MDL MOLfiles, RGfiles, SDfiles, Rxnfiles, RDfiles formats

MOL V2000 files

  • Atom block:

    • x, y, z coordinates

    • atom type:

      • 1H, 2He, 3Li, ..., 103Lr,

      • atom list and exclusive list L,

      • "any" atoms A, Q, *,

      • lonely pair LP

      • R-Group, R or RN, where N > 0 integer. Before version 5.9, R, without number, was written as R#

    • charge

    • stereo care box

    • valence

    • atom-atom mapping (for reactions)

    • inversion/retention flag (for reactions)

Codename: mol

Extension: .mol

  • Bond block:

    • bond type: 1, 2, 3, aromatic, "any", "single or double", "single or aromatic", "double or aromatic", "hydrogen" or "coordinate" (import only)

    • bond stereo information: up or down

    • bond topology: ring or chain

  • Properties block:

    • M ALS - atom list and exclusive list

    • M APO - Rgroup attachment point

    • M CHG - charge

    • M RAD - radical

    • M ISO - isotope mass numbers

    • M RGP - Rgroup labels on root structure

    • M LOG - Rgroup logic

    • M LIN - link nodes

    • M SUB - substitution count query property (s)

    • M UNS - unsaturated atom query property (u)

    • M RBC - ring bond count query property (rb)

    • M STY - Sgroup type

    • M SST - Sgroup subtype

    • M SCN - Sgroup connectivity (head-to-head, head-to-tail or either/unknown)

    • M SAL - atoms that define the Sgroup

    • M SPA - multiple group parent atom list (paradigmatic repeating unit atoms)

    • M SBL - Sgroup's crossing bonds

    • M SMT - Sgroup label

    • M SPL - Sgroup parent list

    • M SDS EXP - Sgroup expansion

    • M SDT - Data sgroup field description

    • M SDD - Data sgroup display information

    • M SCD - Data sgroup data

    • M SED - Data sgroup data end of line

    • M SNC - Sgroup component numbers

    • M CRS - Sgroup correspondence

    • M SDI - display coordinates in each S-group bracket

    • M SBT - the displayed S-group bracket style

    • M SAP - the S-group attachment point information

    • M MRV SMA - SMARTS H, X, R, r, a, A properties (Marvin extension)

    • A - Atom alias

    • V - Atom value

Extended MOLfiles (V3000)

If the number of atoms or bonds exceeds 999, in case of reactions with Rgroups or when there is enhanced stereo in the molecule the extended format is used.

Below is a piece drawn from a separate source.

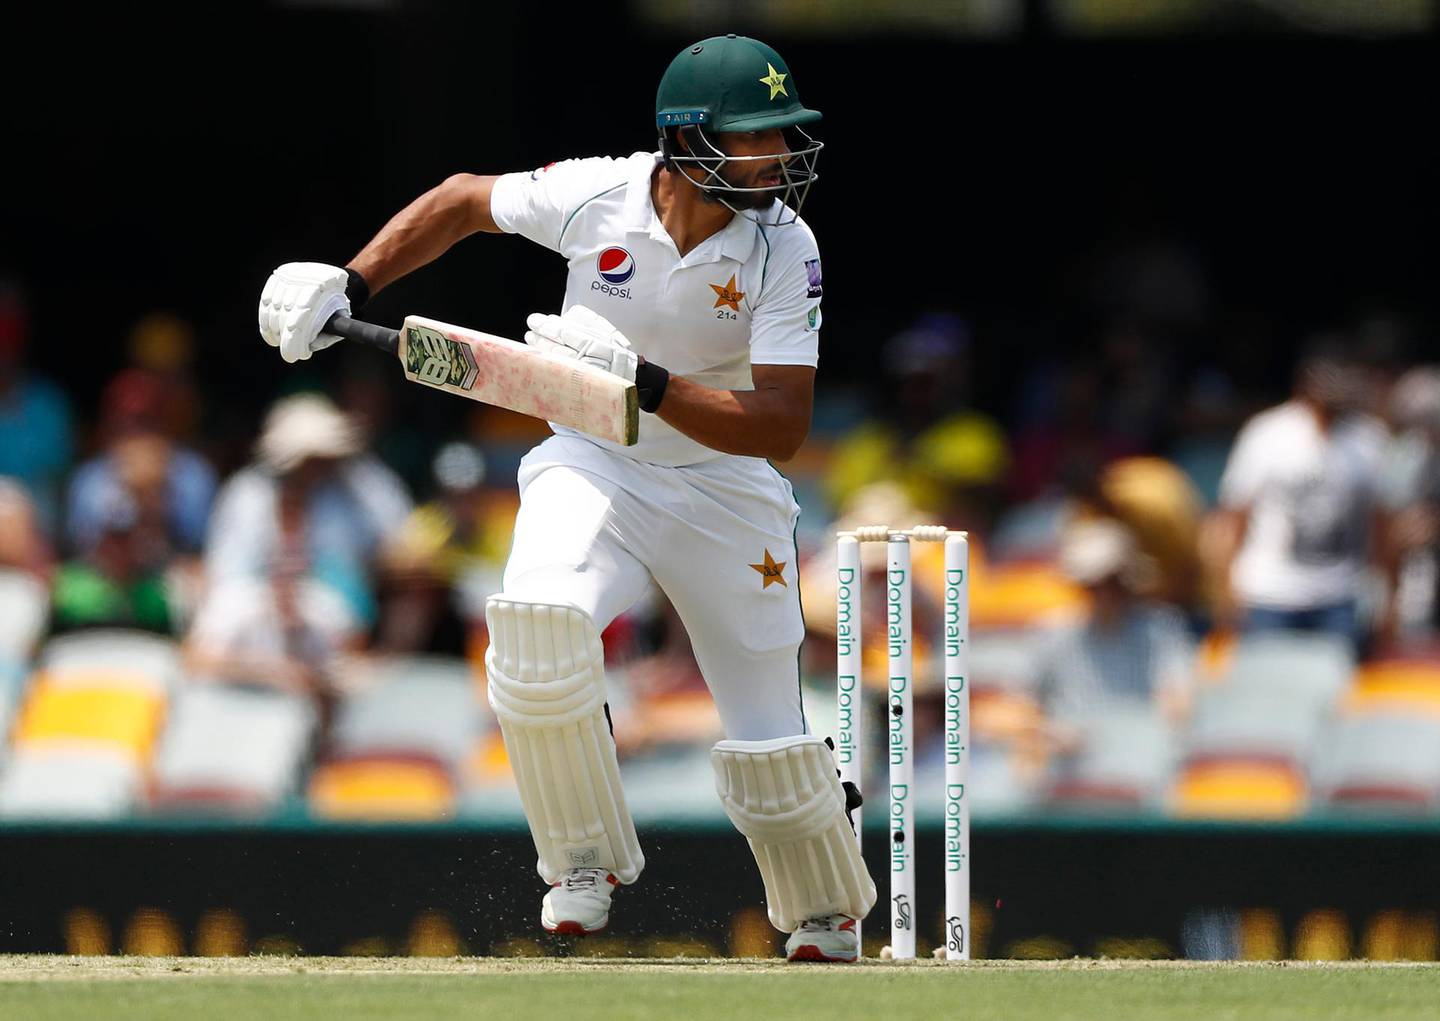 BRISBANE, AUSTRALIA - NOVEMBER 21: Shan Masood of Pakistan bats during day one of the 1st Domain Test between Australia and Pakistan at The Gabba on November 21, 2019 in Brisbane, Australia. (Photo by Ryan Pierse/Getty Images)

In an extended MOLfile, the following properties and features are supported:

  • Atom block:

    • x, y, z coordinates

    • atom type:

      • 1H, 2He, 3Li, ..., 103Lr,

      • "any" atoms A, Q, *,

      • lonely pair LP

    • atom-atom mapping (for reactions)

    • inversion/retention flag (INVRET)

    • CHG - charge

    • RAD - radical

    • CFG - parity

    • VAL - valence

    • MASS - isotope mass number

    • HCOUNT - number of implicit hydrogens

    • STBOX - stereo care box

    • INVRET - inversion/retention flag

    • ATTCHPT - R-group attachment point

    • RGROUPS - R-groups that comprise this R# atom

    • SUBST - Substitution count query property (s)

    • UNSAT - Unsaturated atom query property (u)

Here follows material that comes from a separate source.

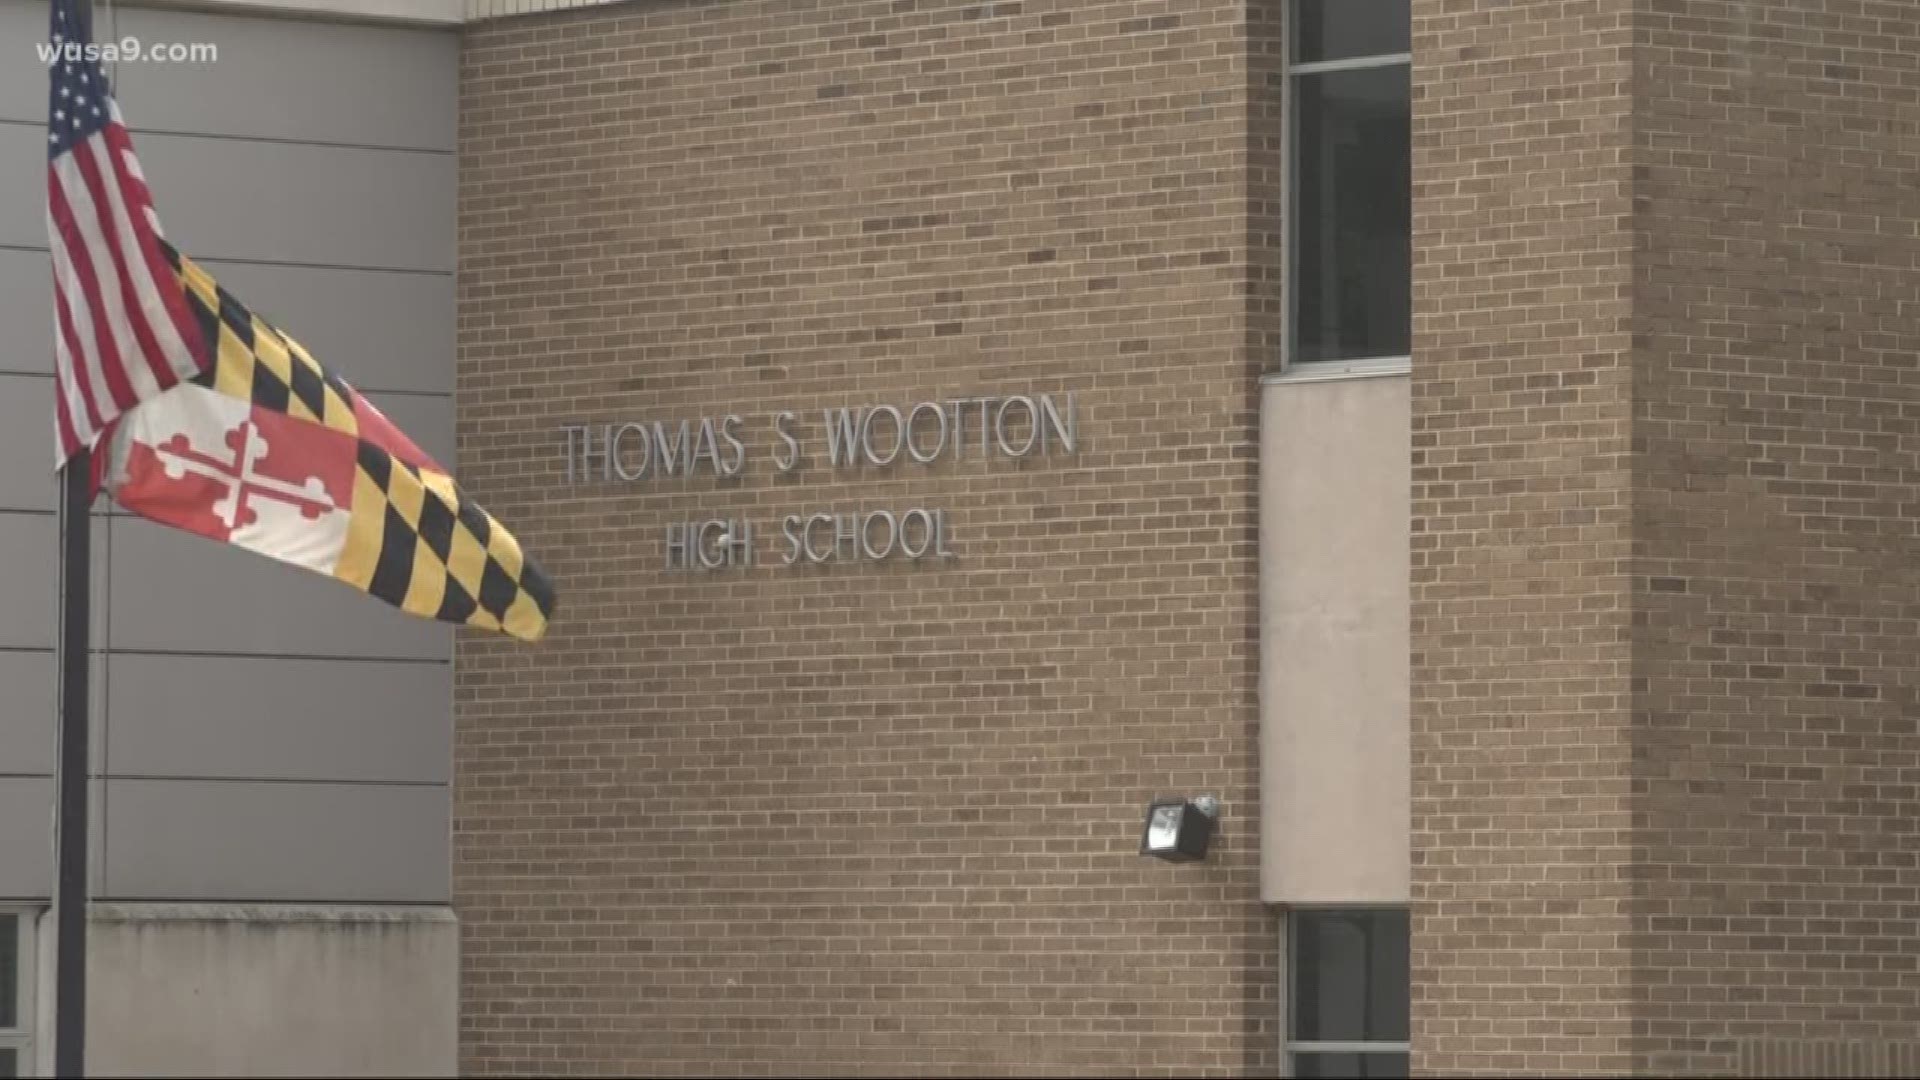 The Montgomery County Board of Education says at least six schools may have been named after slave owners.

    • RBCNT - Ring bond count query property
      Restriction: only one R-group can comprise an atom in Marvin

Codename: mol:V3

Extension: .mol

  • Bond block:

    • bond type: 1, 2, 3, aromatic, "any", "single or double", "single or aromatic", "double or aromatic"

    • CFG - bond stereo configuration: up or down

    • TOPO - bond topology: ring or chain

    • STBOX - stereo care box

  • LINKNODE - Link nodes.

  • Rgroup blocks with RLOGIC entries

  • Template block (import only)

Reaction files (V2000)

A reaction file consists of a REACTANT block, a PRODUCT block, and (optionally) an AGENT block. Reaction files containing reaction agents are non-standard.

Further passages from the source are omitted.